We are unaware of a single standard approach to examine the general validity of a health services database. Therefore, we selected metrics that were broadly applicable, intuitively appealing, easy to measure, and easy to interpret. This is consistent with our prior work in this area [15] and in alignment with fit-for-use quality assessment components described by Kahn et al. [28] and Brown et al. [29] The findings herein build upon our prior work by: a) including an additional 11 file years of data, thereby allowing us to examine long-term trends in data quality and quantify the persistence of the Medicaid population; b) including Medicare PDE data, since its implementation in 2006; and c) assessing the consistency in quality across multiple data contractors. While other researchers have examined some broad measures of CMS data quality [30, 31], their datasets under study were from the 1980s and predated the current model by which CMS prepares data for and provides data to researchers.

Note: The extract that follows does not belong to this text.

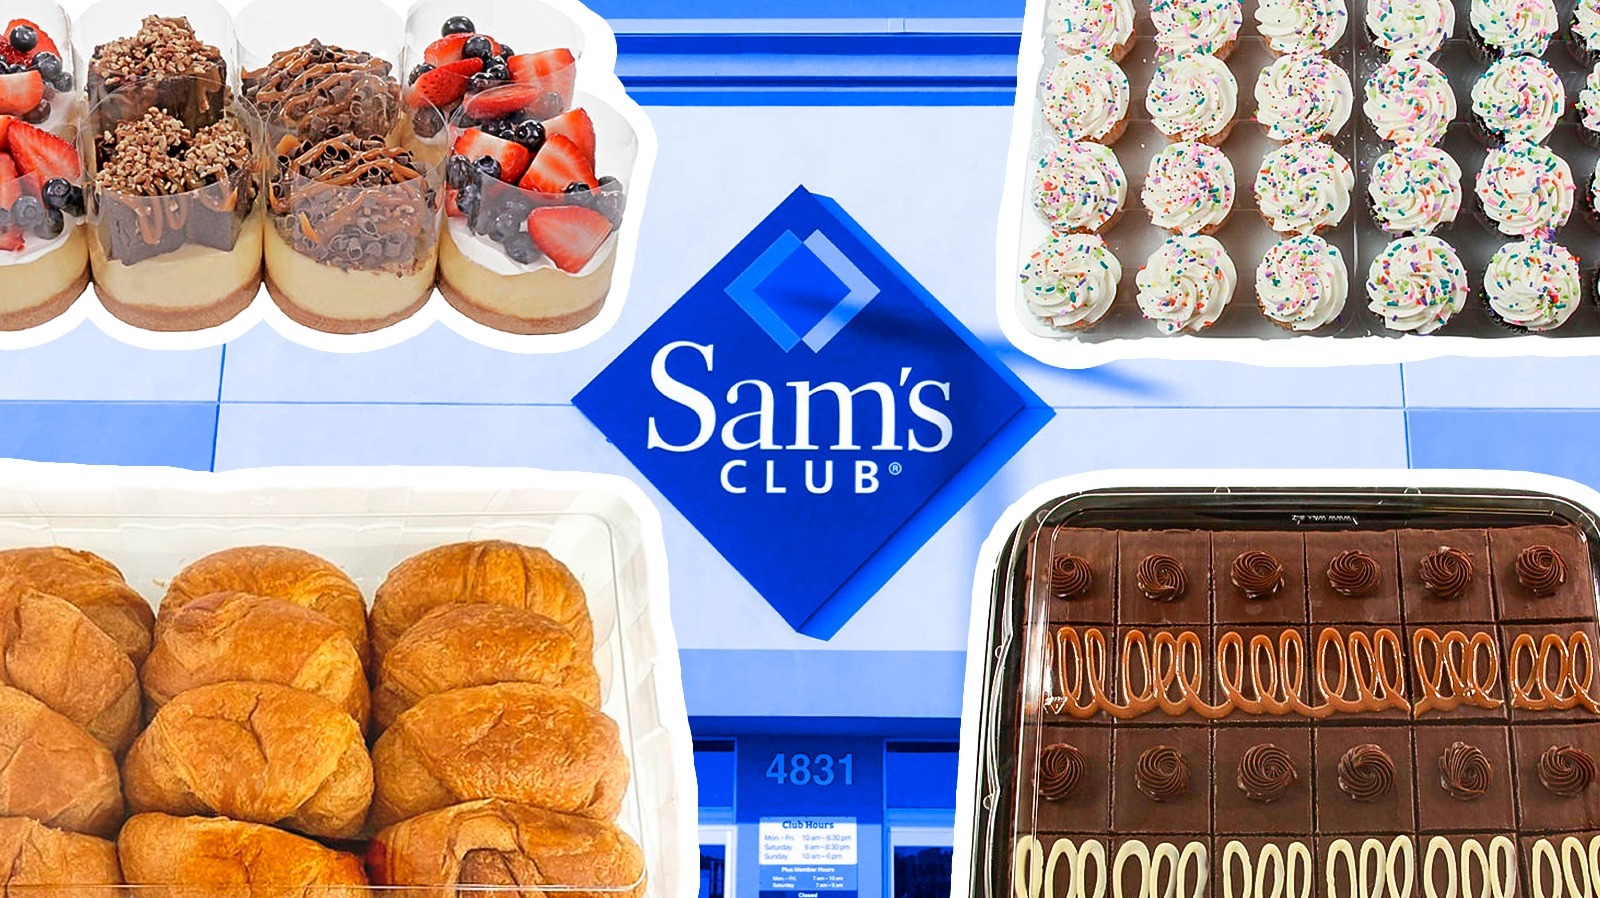 The Best Bakery Treats At Sam’s Club, Ranked – The Daily Meal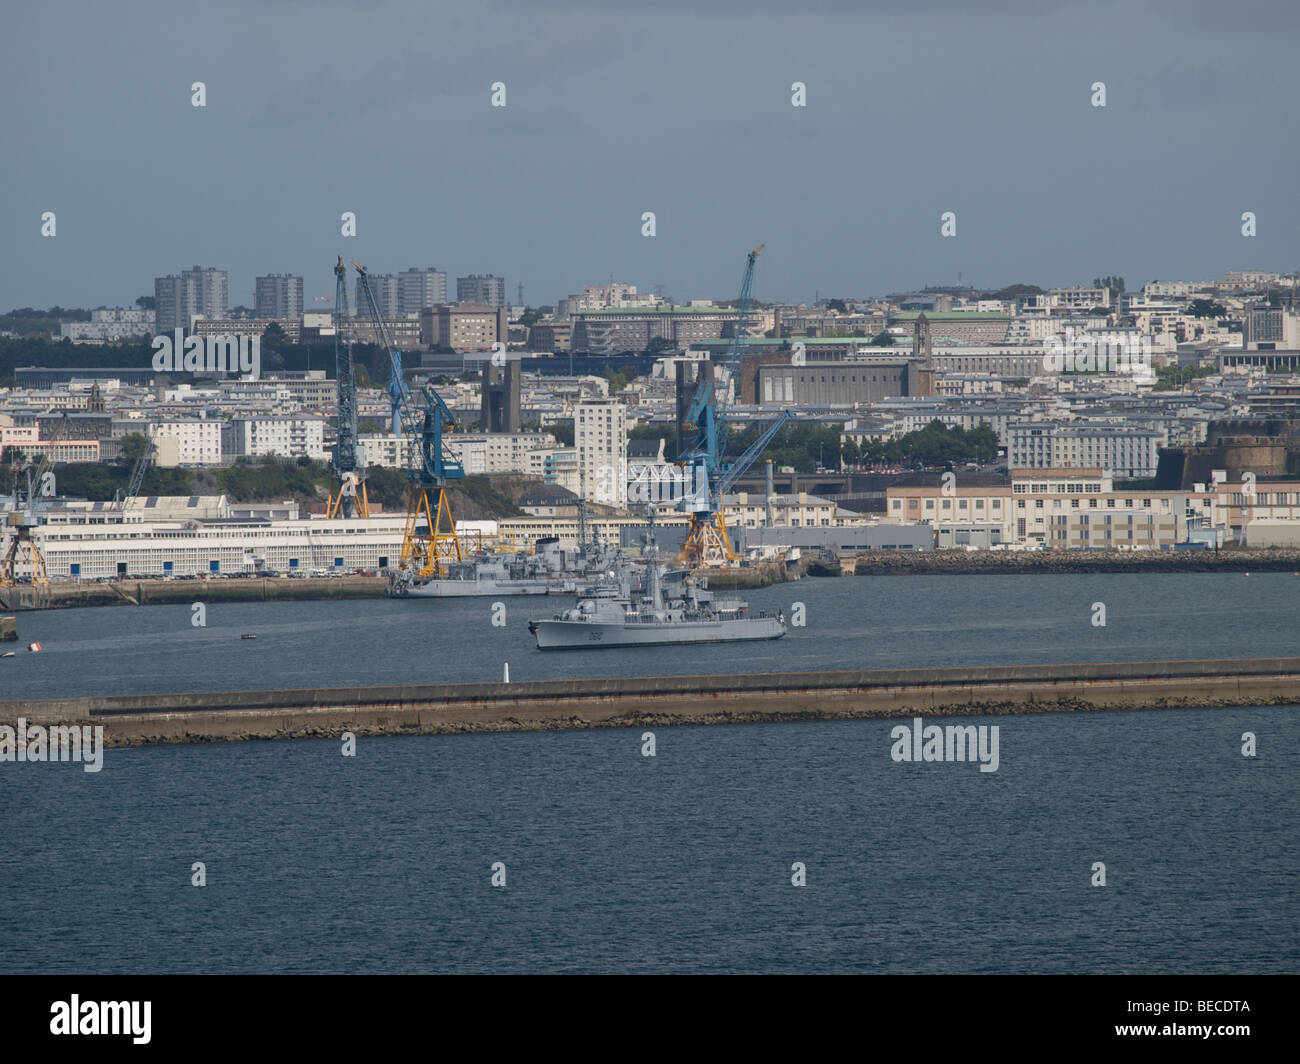 The French city of Brest has a large navy base, strategically placed on the  Atlantic Ocean coast. Brest, Brittany, France Stock Photo - Alamy

Big data is a large part of the future of healthcare [32]. However, the use and analysis of big data must be based on accurate and high-quality information―a necessary condition for generating value from big data [33]. Medicaid data available from CMS have tremendous potential utility for research that will ultimately improve the health of the public. Performing exploratory data analyses, such as that conducted herein, is an important first step in using administrative databases. Of course, failure to identify problems in the course of such analyses is no guarantee that the data are valid and complete—especially when selected quality metrics represent a tiny fraction of metrics that could be examined (e.g., trends in claims for ambulatory care encounters, trends in claims for laboratory orders [29]). Given the potential for error in administrative data due to variation in individual states’ program structures and data processing practices, such as diagnostic miscoding, the analyses presented herein can provide a baseline level of understanding of such data.

Conclusion

In conclusion, we broadly examined the quality of thirteen file years of Medicaid and Medicare data from five large states obtained via CMS and its contractors. The findings are reassuring to researchers―millions of beneficiaries are able to be studied over time without gaps in enrollment, prescription claims appear to be complete and their NDCs identifiable, and obvious diagnostic miscoding is rare. Researchers using Medicaid data to study hospital outcomes should obtain supplementary Medicare data on dual enrollees for studies of persons age 45 years and above.